В начале октября 1941 года немецкие войска пересекли западную границу Ростовской области и 21 ноября ворвались в Ростов. Правда, через неделю наши войска вытеснили их оттуда, и фронтовая линия в этом месте оставалась без перемен до лета 1942 года. А первые бомбы упали на станицу в конце лета 41-го. Немцы сбросили их с большой высоты, и они долго падали с душераздирающим воем, затем тяжко ухнули вдали от станичного центра. Едва стих гул отбомбившихся самолётов, наша неразлучная троица – Шурик Акулиничев, Мишка Ключников и я, побежали туда, где упали бомбы. Там мы увидели две большие конусообразные ямы (воронки), вокруг которых были повалены деревья, заборы и убитую корову. Она лежала в луже крови, натянув верёвку, которой была привязана за пенёк. Домой вернулись с массой страшных впечатлений и с рваными кусками металла – осколками немецких бомб. Какое-то время ребята коллекционировали разнообразные по форме и размерам осколки, но вскоре их стало так много, что интерес к ним пропал.
В конце мая 1942 года я окончил второй класс. Начались каникулы, ничего хорошего, впрочем, не предвещавшие. После неудавшегося прорыва на Москву, немцы летом 1942 года начали наступление на юге. 22 июля они повторно заняли Ростов-на-Дону и двинулись на северо-восток, с общим направлением на Сталинград.

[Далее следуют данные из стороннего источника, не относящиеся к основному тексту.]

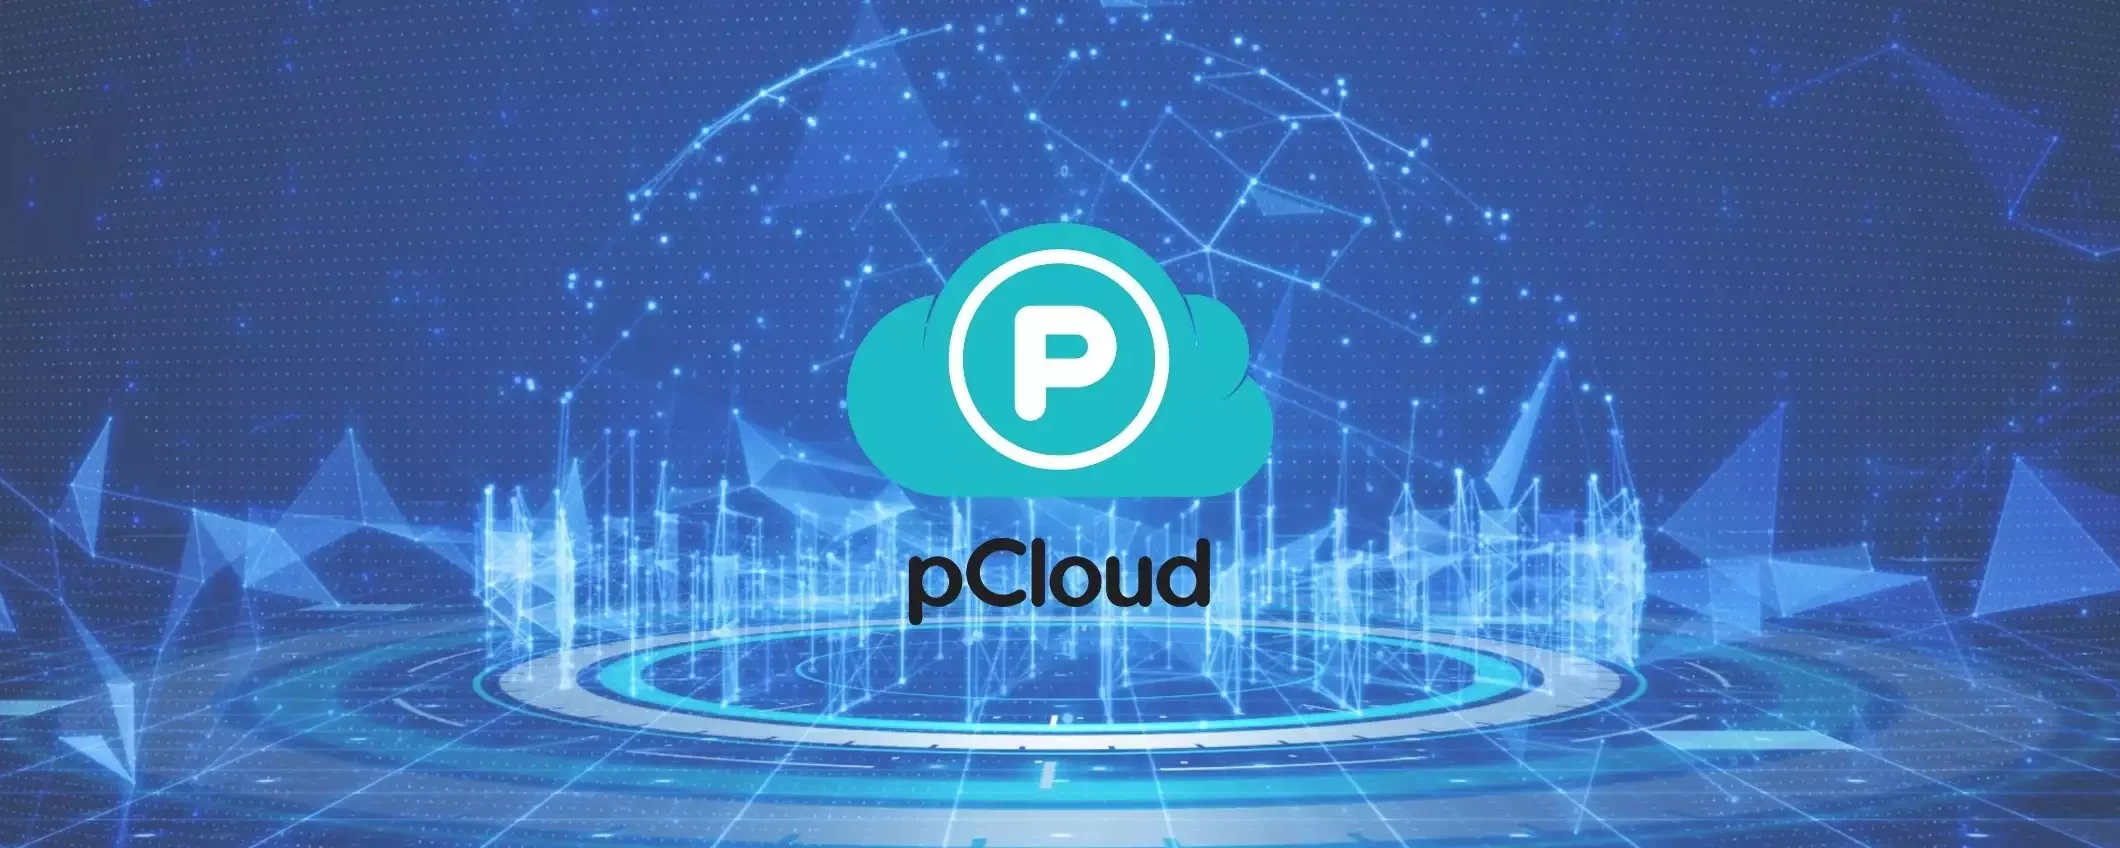 Cloud senza abbonamento: pCloud te lo offre al 37% di sconto
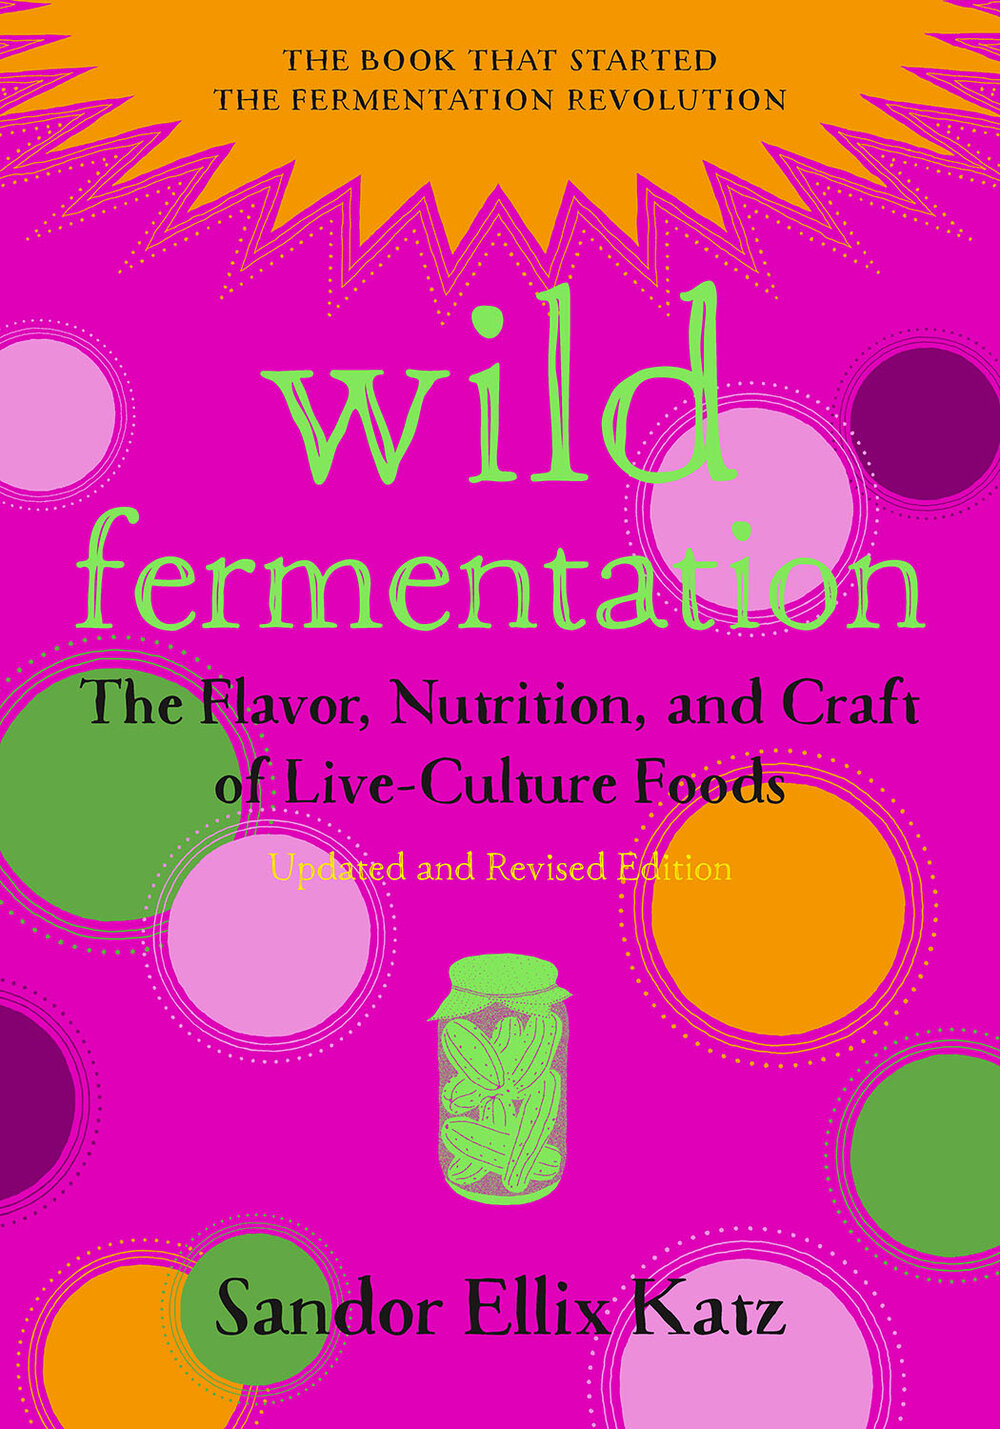 The Art of Fermentation: New York Times Bestseller

К тому времени в Багаевской остались, в основном, женщины, старики и дети. Редко можно было встретить молодого или средних лет здорового мужчину. О таких говорили, одни с завистью, другие с ненавистью: «бронированные». Мне представлялось, что у них под одеждой что-то вроде стальных листов. И было странно, что ходили они, как обычные люди.
После эвакуации отца с его предприятием (позже его всё-таки мобилизовали и он оказался в Грузии – охранял какой-то военный объект) мама пошла зарабатывать трудодни и на этом, можно сказать, кончилось моё беспечное детство.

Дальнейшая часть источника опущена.